Why the Japanese come to Paris is shop is a mystery to me. Racing through the Matsuzakaya and Mitsukoshi department stores, it’s easy to find more French labels than at Paris’s Galeries Lafayette or New York’s Barneys. I bought the few souvenirs I needed at the Oriental Bazaar which has a good selection of traditional gifts. The Japanese are very upscale label oriented by now that Paris’s Louis Vuitton has placed a quota of two leather items per customer without having to pay the VAT. Coming to Paris to buy for your sister, cousin and best friend no longer makes sense. Born to Shop Suzy Gershman (URL for Paris Shopping Guide) reports that the Japanese have been known to hire “buyers” at 100 Euros each, the Vuitton label is so much in demand and costs approximately 50% of what it does in Japan.

New things I’ve never done in Paris or in the US.

Going to a tuna auction at 5 a.m. and then visiting the fish market. This gives new meaning to sushi or sashimi – something for which the sushi restaurant at the Conrad is already famous, since they hired the most revered sushi master in Tokyo. Forget mundane things such as California rolls. At the Conrad, the fish is a delicacy like none other. It is so beautifully prepared it’s an art form. Be creative and order a hand roll specifically prepared for you.
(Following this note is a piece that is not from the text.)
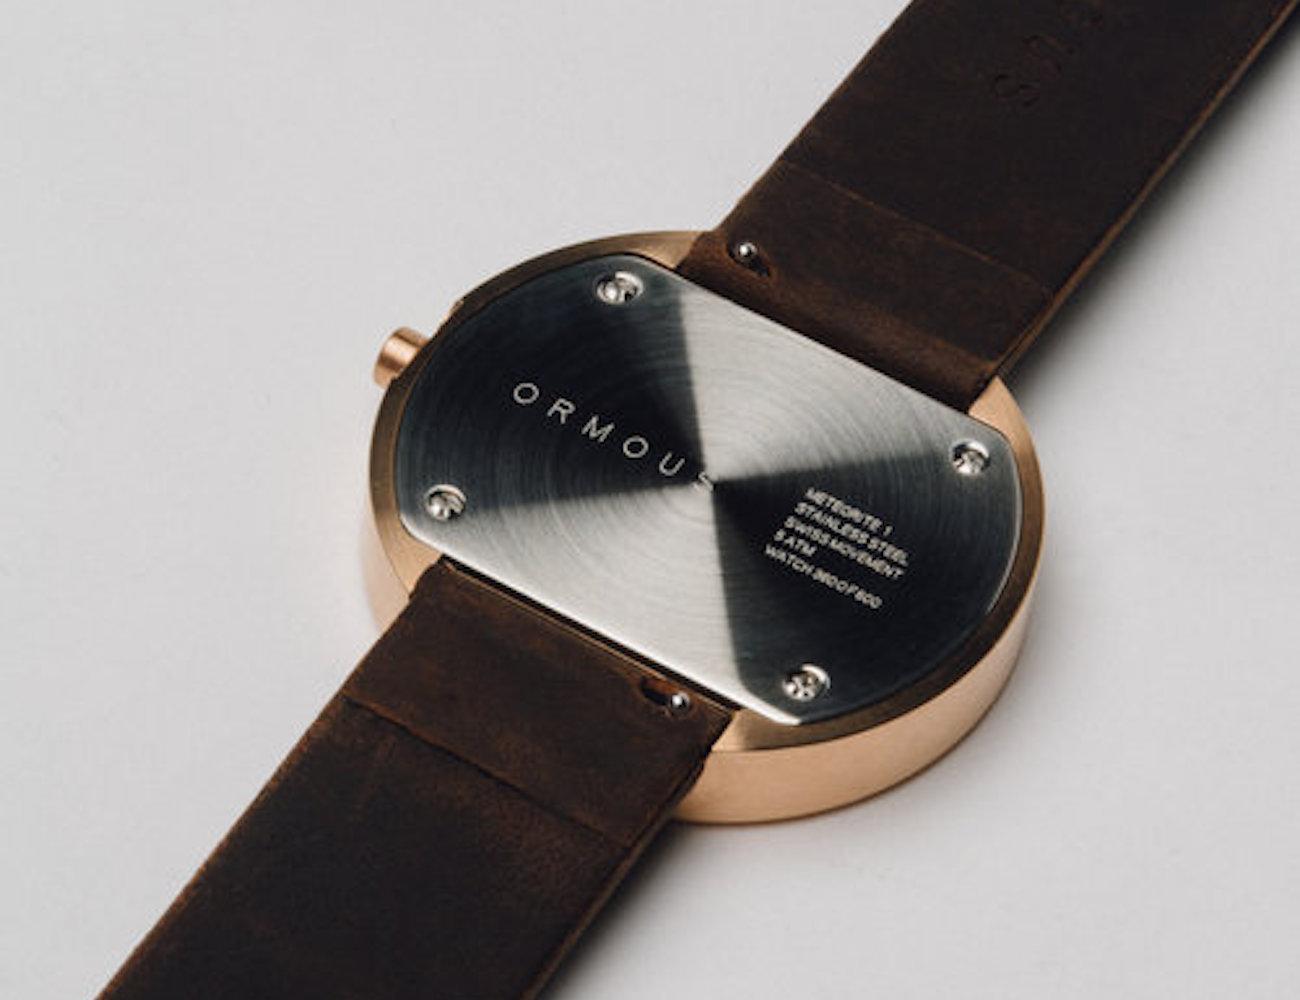 HISAKO Stainless Steel and Meteorite Unisex Watch

No tourist goes to Tokyo without visiting the colorful stalls of the shopping alley Nakamise that leads to the Asakusa Kannon Temple complex.  There we first inhaled incense that’s said to have curative powers. We then bought fortunes. If you didn’t like your fortune, you tied it on a wire so as not to take it with you or your journey through life. Luckily, there was a wedding taking place that day and the bride and groom were all too happy to have us snap away with our digital cameras.

Everyone seems to be carrying a cell phone taking and taking . Even though I have a tri-band, I couldn’t get it to function.  Only after returning home did I learn I needed a quad-band or a new phone with a local Sim card.

Four days in Tokyo is only a glimpse into a country and civilization begging to be explored.

When (not if) I return, I want to be spoiled by flying on Japan Airlines, (http://www.jal.co.jp/en/) stay at a dream hotel such as the Conrad (www.conradtokyo.co.jp).

For that matter, Tokyo is a city comprised of dream hotels ….

And, I’d want to explore much more of what there is to be seen.

Visit the Japan Government Tourist Office in NY Site (www.jnto.go.jp) and however much time you’ve scheduled to be in Japan, you’ll realize it isn’t enough.